Question

Find the coordinates of the points that trisect the line segment AB joining the points \( A(-1, 2) \) and \( B(2, 8) \).

Hint:

The section formula can be used to find points that divide a line segment into any ratio, including trisection.

Answer 1

Step 1: Understand the concept of trisection.
Trisection means dividing the line segment into three equal parts.
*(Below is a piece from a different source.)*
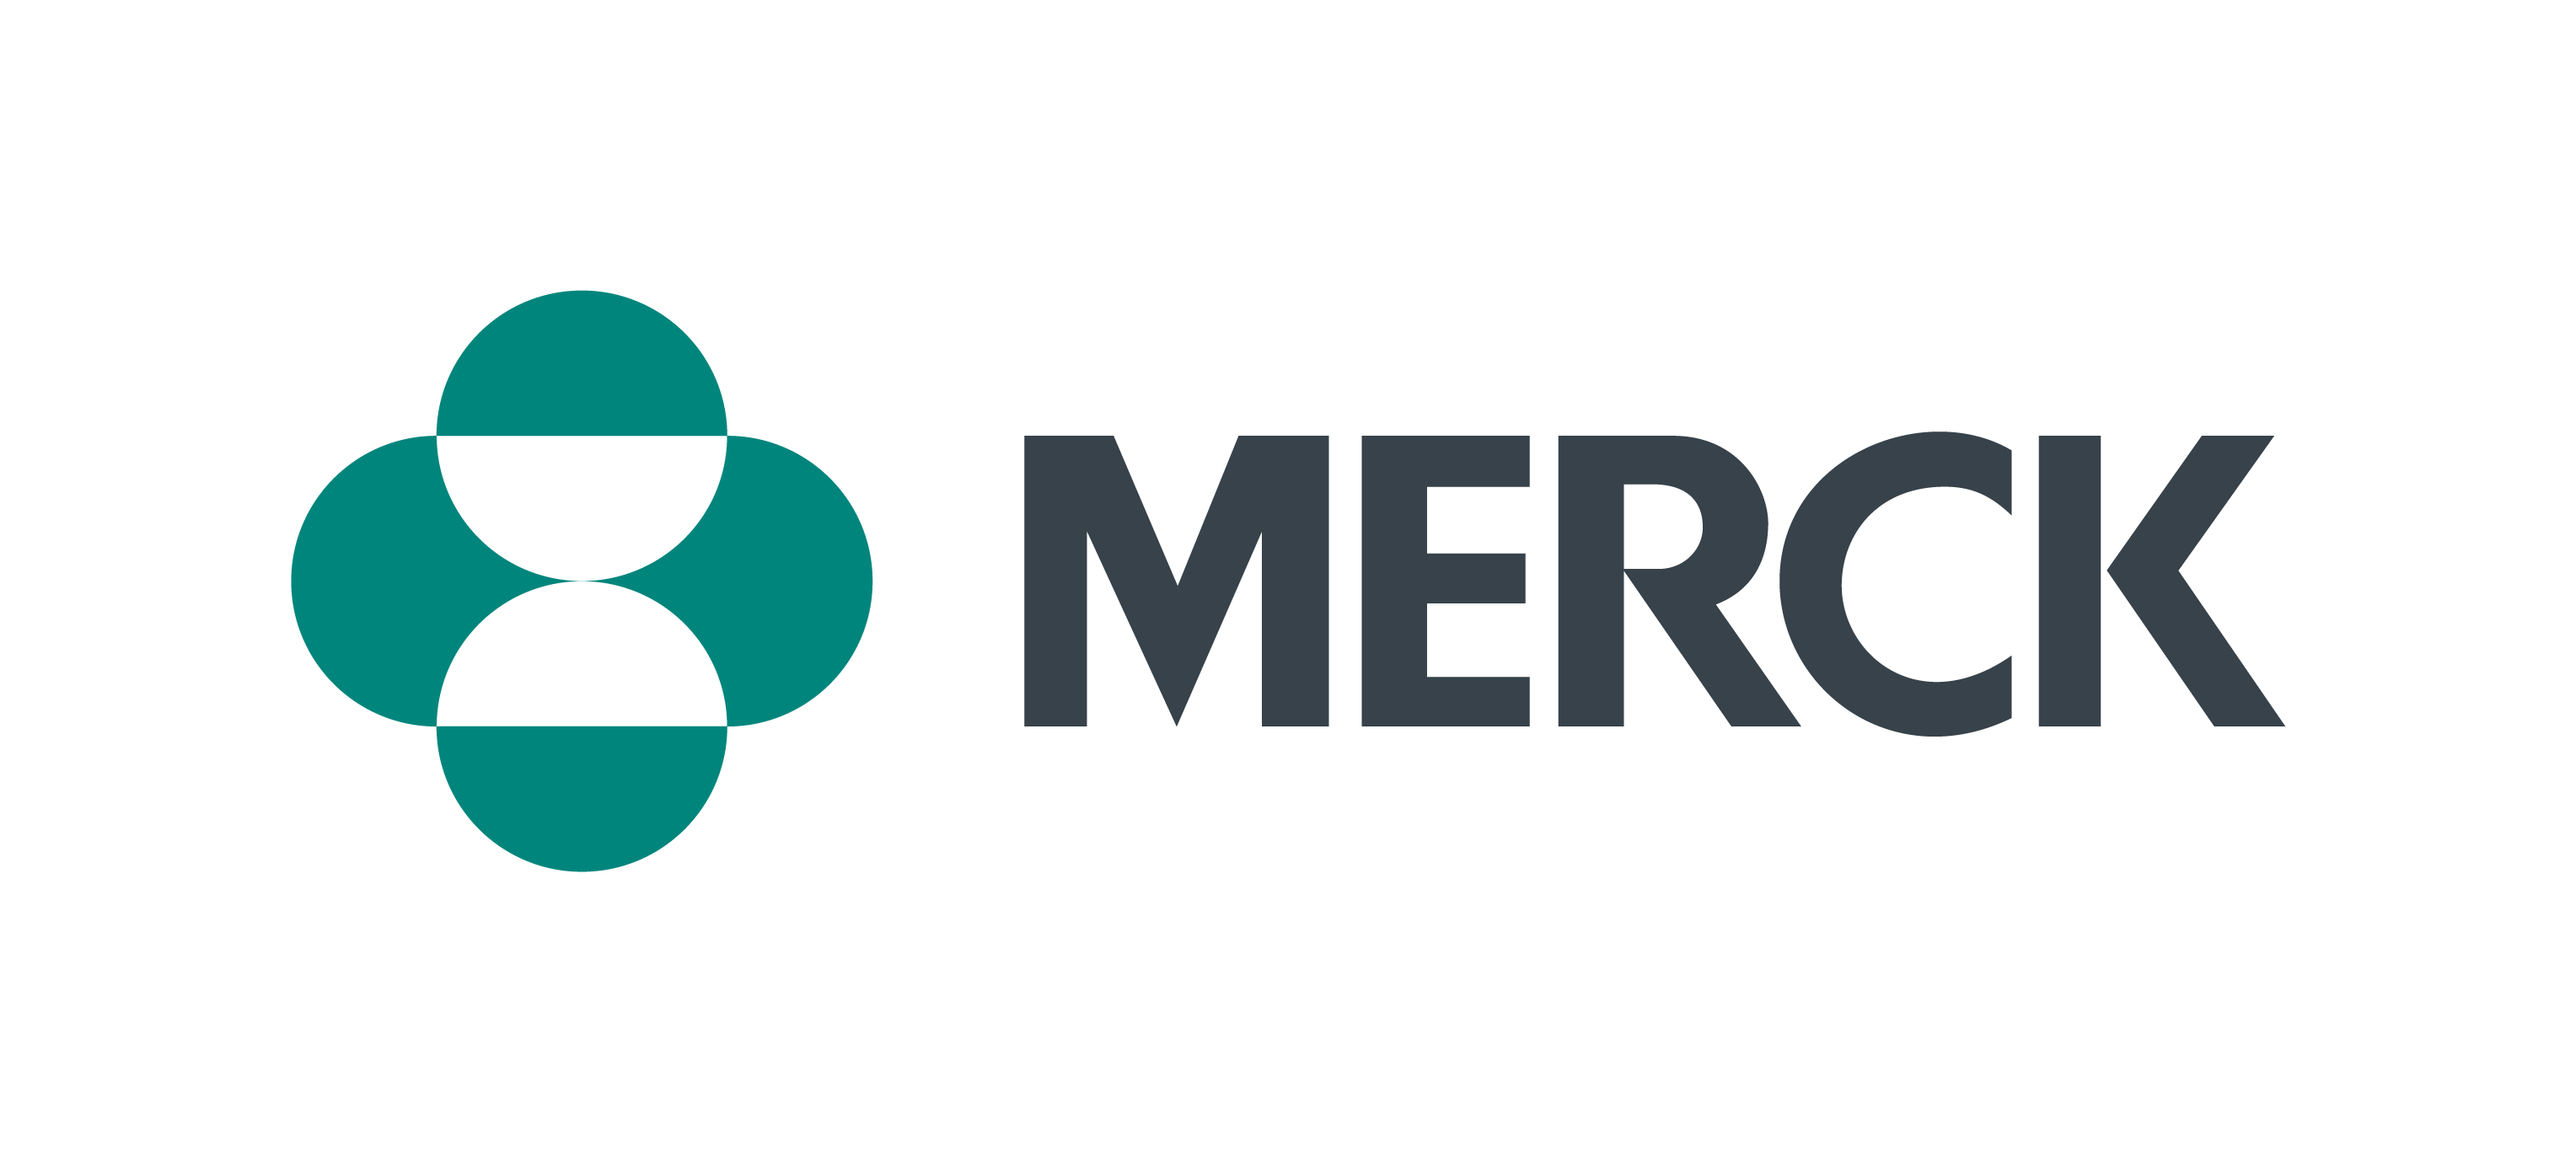 02852_Merck_Logo_Horizontal_Teal&Grey_RGB

To find the coordinates of the points that trisect the line segment, we need to find the points that divide the segment into 1:2 and 2:1 ratios.
Step 2: Use the section formula.
The section formula for dividing a line segment in the ratio \( m:n \) is given by: \[ \left( \frac{m x_2 + n x_1}{m+n}, \frac{m y_2 + n y_1}{m+n} \right) \]
Step 3: Apply the section formula for the two trisection points.
- For the point dividing the segment in the ratio 1:2 (closer to point A), let \( m = 1 \) and \( n = 2 \): \[ \left( \frac{1 \times 2 + 2 \times (-1)}{1+2}, \frac{1 \times 8 + 2 \times 2}{1+2} \right) = \left( \frac{2 - 2}{3}, \frac{8 + 4}{3} \right) = \left( 0, \frac{12}{3} \right) = (0, 4) \] - For the point dividing the segment in the ratio 2:1 (closer to point B), let \( m = 2 \) and \( n = 1 \): \[ \left( \frac{2 \times 2 + 1 \times (-1)}{2+1}, \frac{2 \times 8 + 1 \times 2}{2+1} \right) = \left( \frac{4 - 1}{3}, \frac{16 + 2}{3} \right) = \left( \frac{3}{3}, \frac{18}{3} \right) = (1, 6) \]
Step 4: Final coordinates.
The points that trisect the line segment are \( (0, 4) \) and \( (1, 6) \).